Burned By Congress This Summer, Some Dem Voters Fired Up On Election Day

Burned By Congress This Summer, Some Dem Voters Fired Up On Election Day

WASHINGTON -- Nancy Fury hasn't forgotten Orrin Hatch's insult this summer.

"We should not be giving cash to people who basically are just gonna blow it on drugs," the Utah Republican said when he was pushing to drug-test the jobless.

"Yeah, because I've got enough money to sit at home taking drugs," Fury, 48, told HuffPost. She said she lost her job with a New Jersey power company in 2009. Fury was one of 2.5 million people whose jobless benefits were interrupted during the summer as Hatch and other Senate Republicans held up a reauthorization of unemployment benefits for long-term layoff victims.

Fury and other jobless voters told HuffPost they had the holdup in mind when they went to the polls on Tuesday. Some labor activists have hoped that the laid-off could provide a boost for congressional Democrats.

HuffPost readers: Unemployed in the past year? Voted today? Tell us about it -- email arthur@huffingtonpost.com.

"I typically vote anyways, but the blocking of unemployment extensions has definitely shed some light on some of the candidates," wrote Christy Zvonar of Illinois. Zvonar, 27, said she spent nine months unemployed after losing her job as an accountant in December before she found work. "I will not be voting for anyone who voted to block the extensions in hopes that the same thing will not happen again in the future."

Laid-off engineer Jeff Mandel also said he was "extra motivated" to vote for Democrats in light of the battle over unemployment and Republican attacks on Social Security -- though he said he blamed both parties for the lapse in benefits that put him behind on some of his bills.

"Basically the Republicans were trying to show they were fiscally responsible and all that crap and the Democrats were trying to show how bad the Republicans were, and they both used us as pawns," said Mandel, who lives in Poway, Calif.
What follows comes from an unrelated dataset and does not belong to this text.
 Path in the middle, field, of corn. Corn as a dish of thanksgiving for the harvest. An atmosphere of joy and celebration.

His job search has been dismal. "The job market's not looking good for a 53-year-old man... I'm sending out resumes for jobs I could do in my sleep."

Tom Draper, who lives in northern Kentucky, told HuffPost that he lost his job as a marketing director in January. He said his unemployment spell didn't much affect his plans to vote and to vote Democrat. "I would vote for a fire hydrant over Rand Paul," he said.
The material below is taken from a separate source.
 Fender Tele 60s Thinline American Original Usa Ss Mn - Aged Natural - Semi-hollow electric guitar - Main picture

Not every voter irked by congressional dithering on unemployment this summer is now supporting Democrats. Brian Perry of Rumford, R.I. said he's been out of work since he lost his job as a clerk at law firm in 2008. Perry, 53, said he'd applied for janitorial jobs, dishwashing jobs, and nobody wants to hire him. He said he thought the Democrats became "cowardly" about helping people like him who have exhausted 99 weeks of unemployment insurance without finding work. He said he voted Republican.

"I just felt a change was needed in Rhode Island," he said. "What could it hurt to try another party?"